Corrupt from the Start

While the State Auditor’s report slams the two-member Subcommittee, sources close to the investigation reveal that Councilmember Christina Shea, now seeking re-election, took the lead in some of the worst of the abuses.  These included:

  • A rigged bidding process. In hiring an auditing firm, the Subcommittee changed the selection and evaluation process for bids — after bids had come in — by arbitrarily adding points for an “interview” and raising the score of the firm ultimately selected, HSNO, so that it was moved up from third-place to first-place.
  • Sweetheart contracts with no-bid extensions. HSNO was awarded a sweetheart contract that allowed for hundreds of thousands of dollars in no-bid extensions — far beyond the original $250,000 authorized by the City Council.  Its work was so riddled with errors and false statements — completely failing to meet professional auditing standards — that it was later withdrawn.  HSNO is now under investigation by the State Board of Accountancy,  the State agency responsible for upholding professional accounting standards.
  • Hiring and firing attorneys.
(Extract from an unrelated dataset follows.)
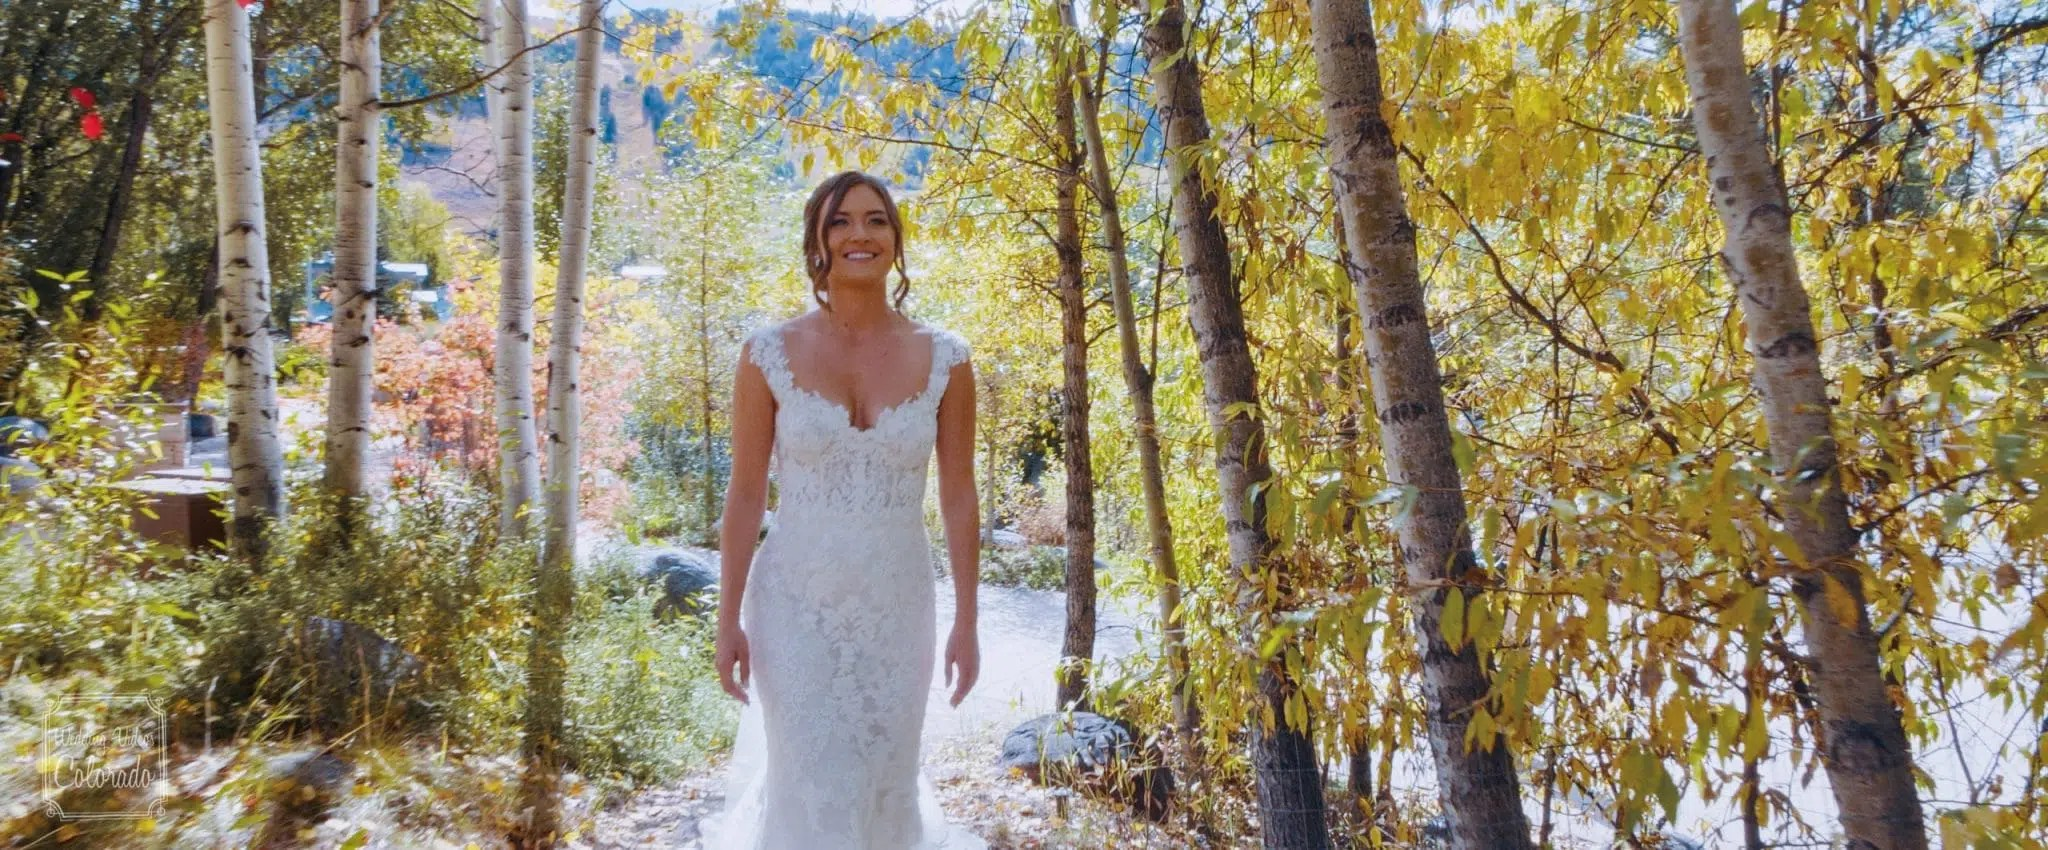 Neil Audrey Wedding Video Aspen Colorado
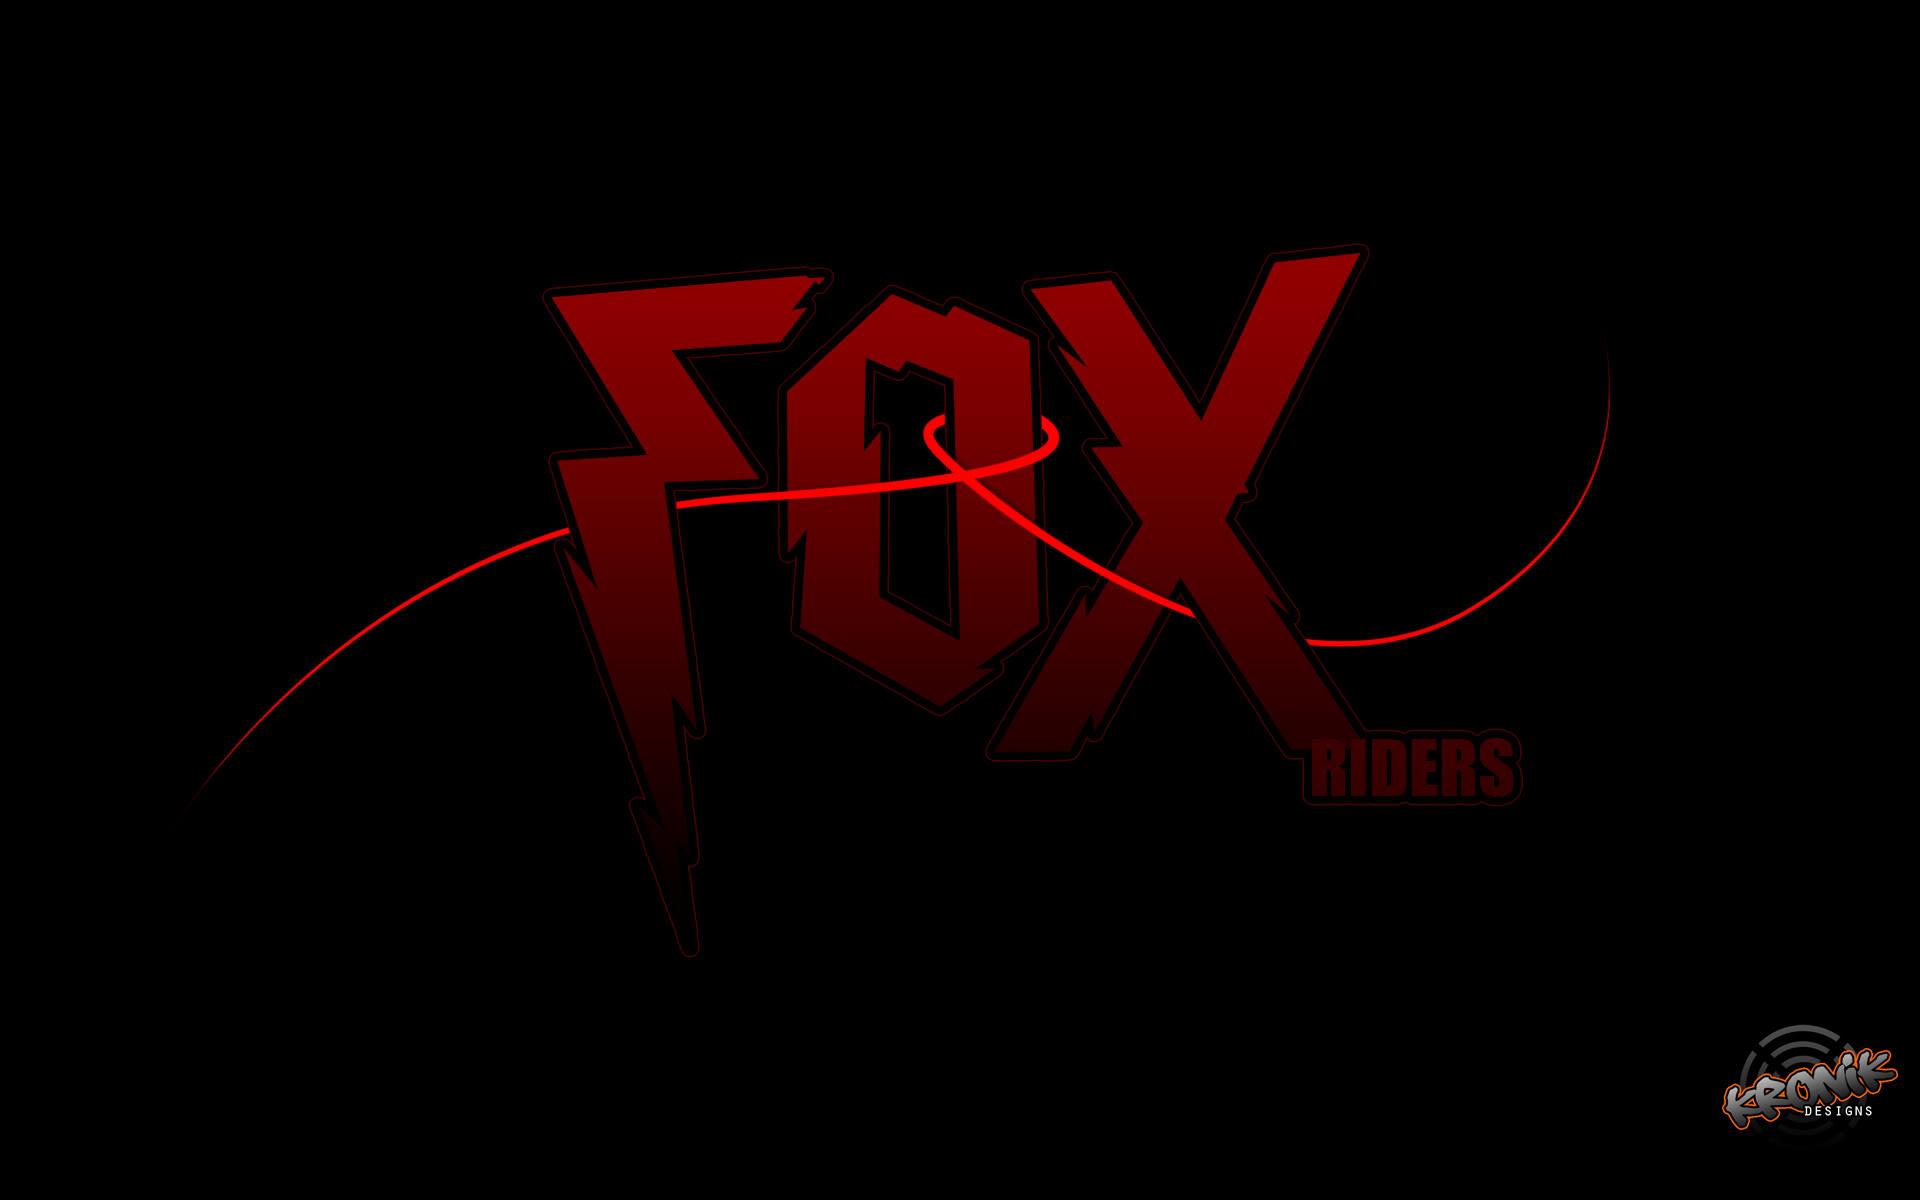 Fox Racing Motocross id 192707 1920x1200

The Subcommittee pushed aside the City Attorney and City Manager, hiring and firing outside legal counsel at a cost of hundreds of thousands of dollars.  The law firm ultimately responsible for the Great Park “review” was Aleshire & Wynder, which itself violated professional standards and submitted false reports apparently timed for political purposes.  At one point, the law firm’s lead attorneys, David Aleshire and Anthony Taylor, represented to the City Council that the firm needed $100,000 to hire outside cost-analysis experts, only to later admit that they, themselves, were the “experts” and should be entitled to pocket the money.

Audits and Politics

Lost in the back and forth is that from 2005 to 2012, as determined in more than a half-dozen previous independent audits, the financial affairs of the Great Park were in order.  All previous audits were “clean” — finding no evidence of unauthorized expenditures or unaccounted for funds.

And, interestingly, even the auditing and law firms that the Subcommittee relied on, HSNO and Aleshire & Wynder, could find no financial irregularities at the Great Park.

In fact, during the years 2005 to 2012, the entire 1,300-acre Great Park was master-designed, and about 200 acres — nearly 20 percent — of the Park was built at a cost of $133 million, including a number of major features that became operational.  In the 5-year period since the opening of the Park’s first iconic feature — the Great Park Balloon — in 2007, attendance at the Great Park grew to nearly 1 million visitors per year.

Since 2012, when the Choi-Shea-Lalloway majority took power and targeted Councilmembers Larry Agran and Beth Krom for attack, millions of dollars in taxpayer funds have been squandered on what Councilmember Beth Krom and former Councilmember Larry Agran called “a Great Park political witch hunt.”  Meanwhile, since 2012 — despite promises from Shea and others to “build the Great Park,” not even one new feature has been added at the Great Park.  And Park attendance has fallen by half.

Asked to comment on the State Auditor’s report, Agran said: “The Legislature’s highly respected and independent State Auditor documented that the so-called Great Park Audit Subcommittee — led by Christina Shea — failed to produce a forensic audit, as promised.  Instead, Shea conducted a publicly funded, $1.7 million political witch hunt.  This was clearly an illegal abuse of power and misuse of public funds for partisan political purposes.”

In describing Shea’s conduct as “illegal,” Agran was apparently alluding to prohibitions in State law that provide “a public agency may not spend public funds to promote a partisan position in an election campaign.”  The penalties for officials who violate these prohibitions are severe, including fines, imprisonment, and personal liability to reimburse the public agency for any misspent public funds.